Elephant Managers Association
- Formation: 1988; 38 years ago
- Type: 501(c)(3) not-for-profit membership corporation
- Headquarters: 1513 Cambridge Street, Houston Texas 77030
- President: Daryl Hoffman
- Website: elephantmanagers.com

= Elephant Managers Association =

International learned society for computing

The Elephant Managers Association (EMA) is an international non-profit organization, for elephant professionals and interested people. EMA, having the largest collection of elephant experts and enthusiasts in the world, promotes welfare, husbandry, and scientific research of captive elephants, through its publication "grey matters", communication and relations among elephant managers through an annual conference and publications, and is also engaged in public education, as well as Conservation biology of the worlds wild populations of elephants.

==History==
Elephant professionals in North America began, during the early eighties, to gather for informal meetings, and while enjoying the sharing of information, it was realized that there was a need for a formal platform, why EMA was founded in 1988 in Jacksonville Zoo and Gardens, by elephant keepers in USA and Canada. EMA initially focused on husbandry issues and training of elephants, in North America, and has since then become the largest international organization of elephant professionals and enthusiasts, also as an international platform for people outside the USA.

==Members==
EMAs present members are Animal care administrators, veterinarians, researchers, educators, zoo volunteers, and wildlife enthusiasts, from all over the world. Anyone interested in elephants, who share the objectives and goals of EMA, can become a member. The present professional members are representing over 80% of all Association of Zoos and Aquariums (AZA) elephant-holding facilities and the majority of private owners and circuses.

==Board==
The present board as of 2020, consists of executive Director of EMA, Daryl Hoffman, Curator of Large Mammals at Houston Zoo. President of EMAs board is Vernon Presley who is Curator of Elephants and Ungulates at Fresno Chaffee Zoo. Vice President is Shawn Finnell who is currently involved in the Conservation, Training, & Membership Committees.
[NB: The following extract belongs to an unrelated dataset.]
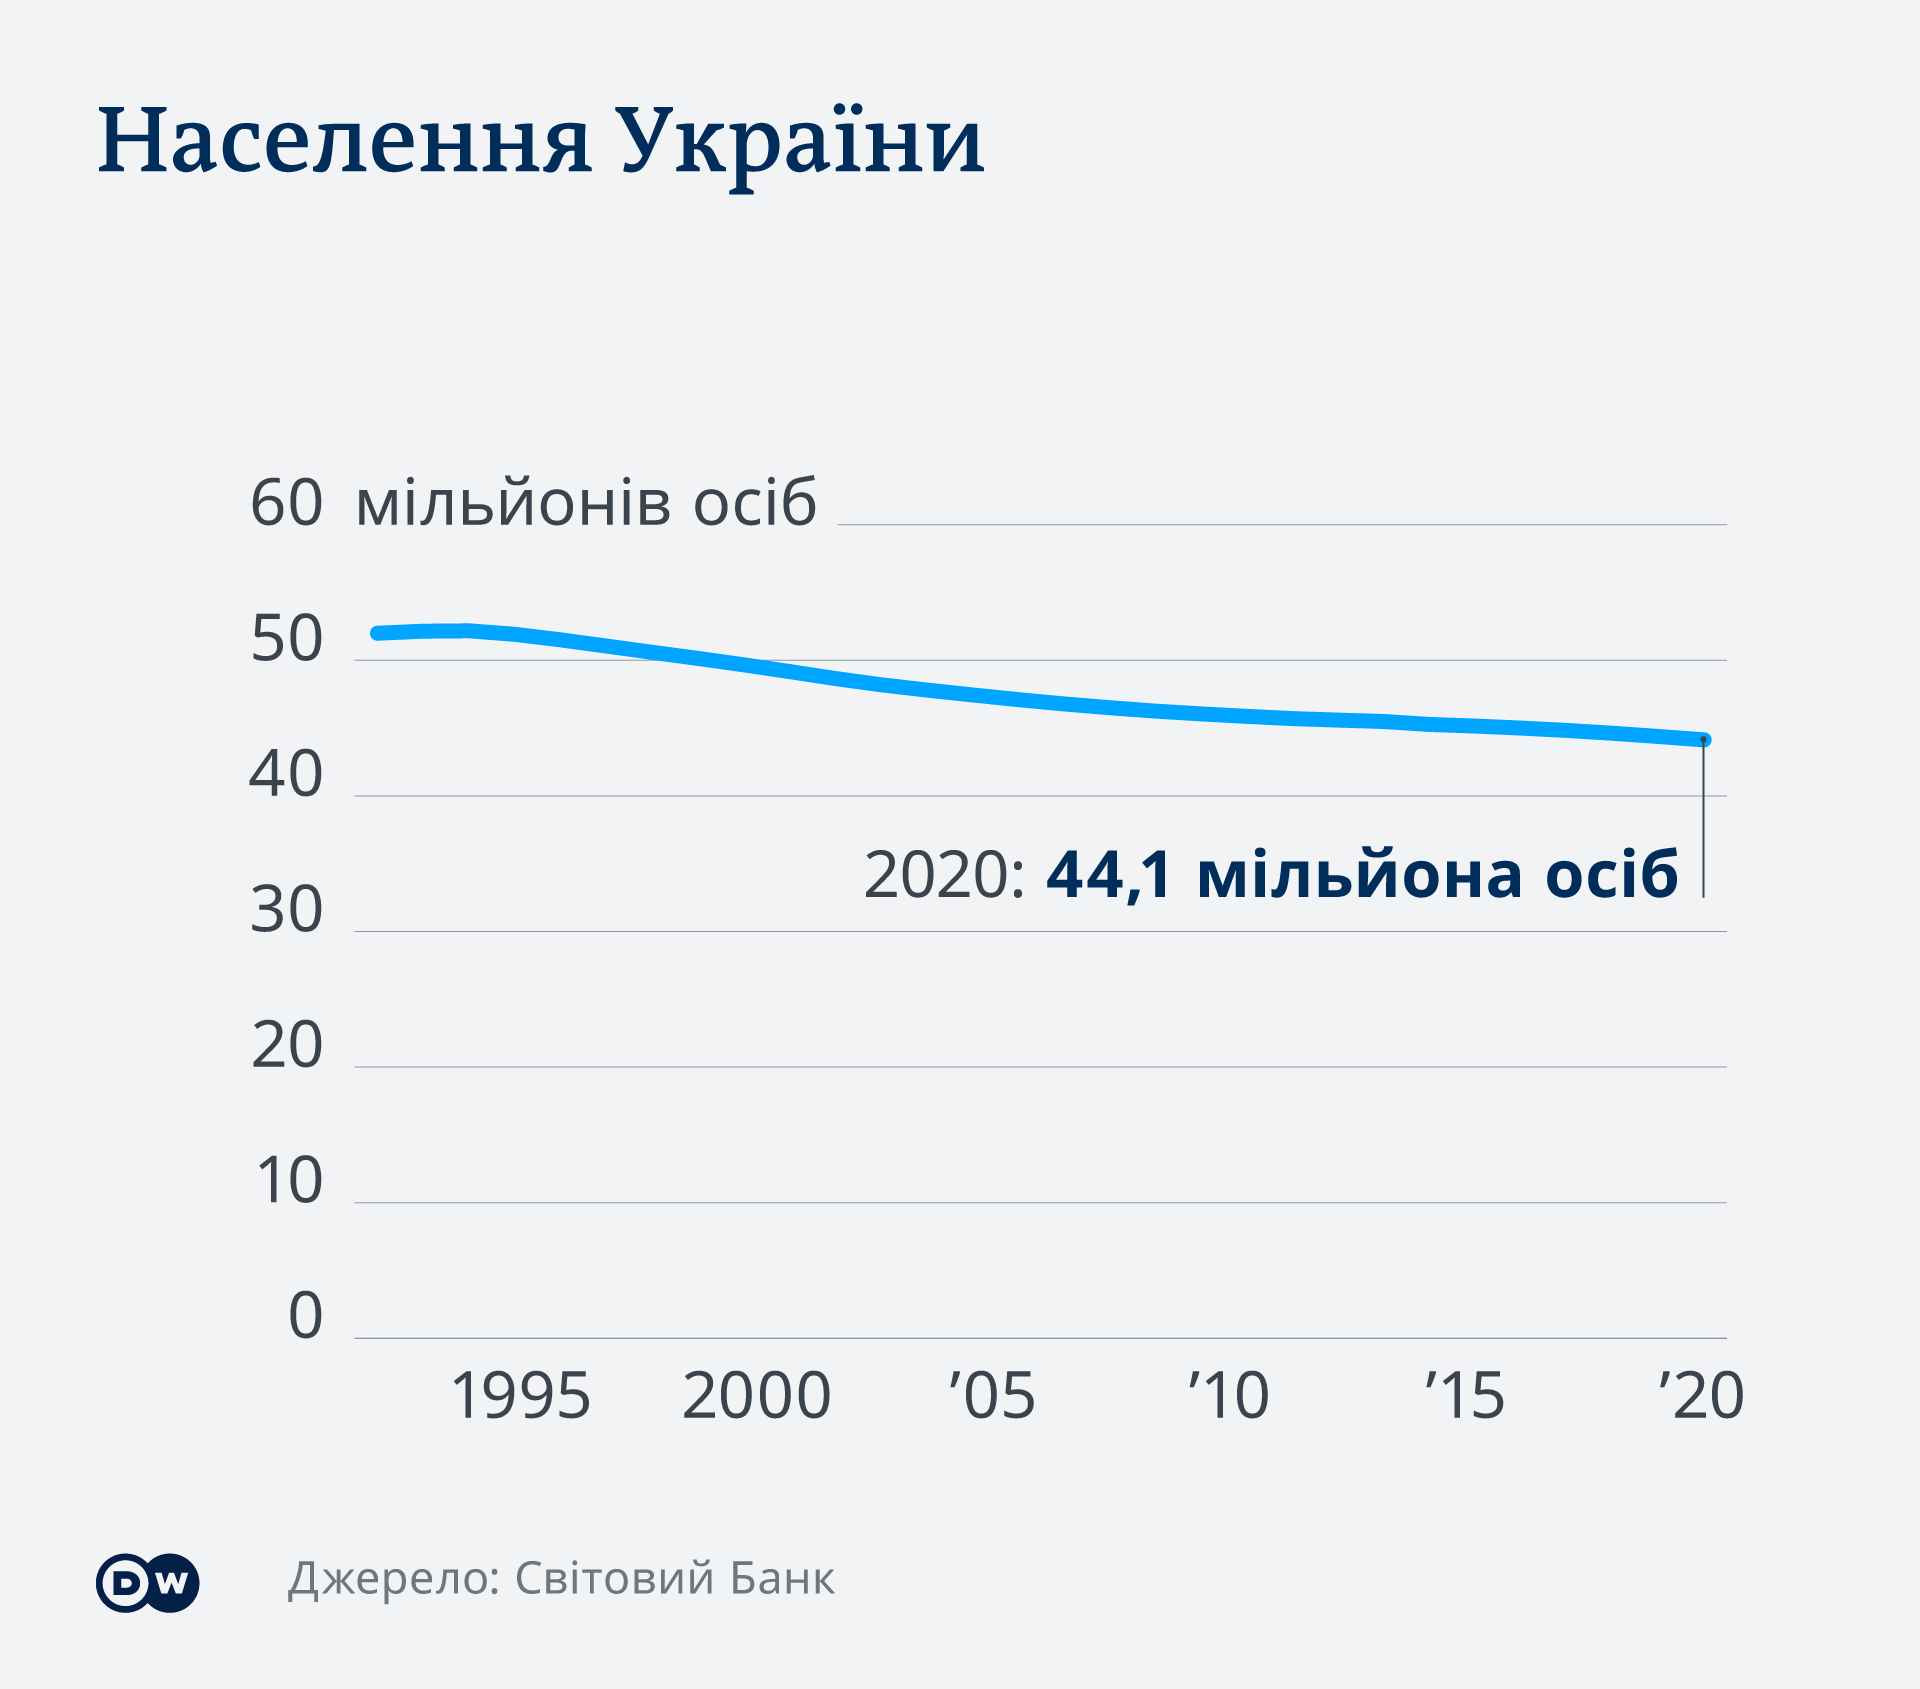 Населення України від моменту оголошення незалежності і до 2020 року

Other board members include Secretary Tripp Gorman who is elephant keeper at Fort Worth Zoo, Rob Conachie, elephant keeper at Pairi Daiza in Belgium, Adam Felts, Curator of Heart of Africa and Asia Quest at Columbus Zoo and Aquarium, Cecil Jackson Jr., elephant manager at Cincinnati Zoo and Botanical Gardens, and Mike McClure, General Curator and elephant Manager at The Maryland Zoo.

==Activities==
EMA today promote high standards of safety and humane treatment in elephants but is also linked as an independent partner to International Elephant Foundation (IEF), and is serving as an advisory capacity to many regulatory agencies, including United States Department of Agriculture (USDA) and Animal and Plant Health Inspection Service (APHIS).

EMA has an executive committee to assist in mission-focused actions of the organization, as well as a number of Committees to achieve EMA's mission, including Husbandry, training, Behavioral Enrichment, Conservation, Education, Publications, Research, Ethics & Legislation, Membership, Conference, organization, Nominations, Merchandise, Grants, Scholarships, Honors and Awards, and Social Media.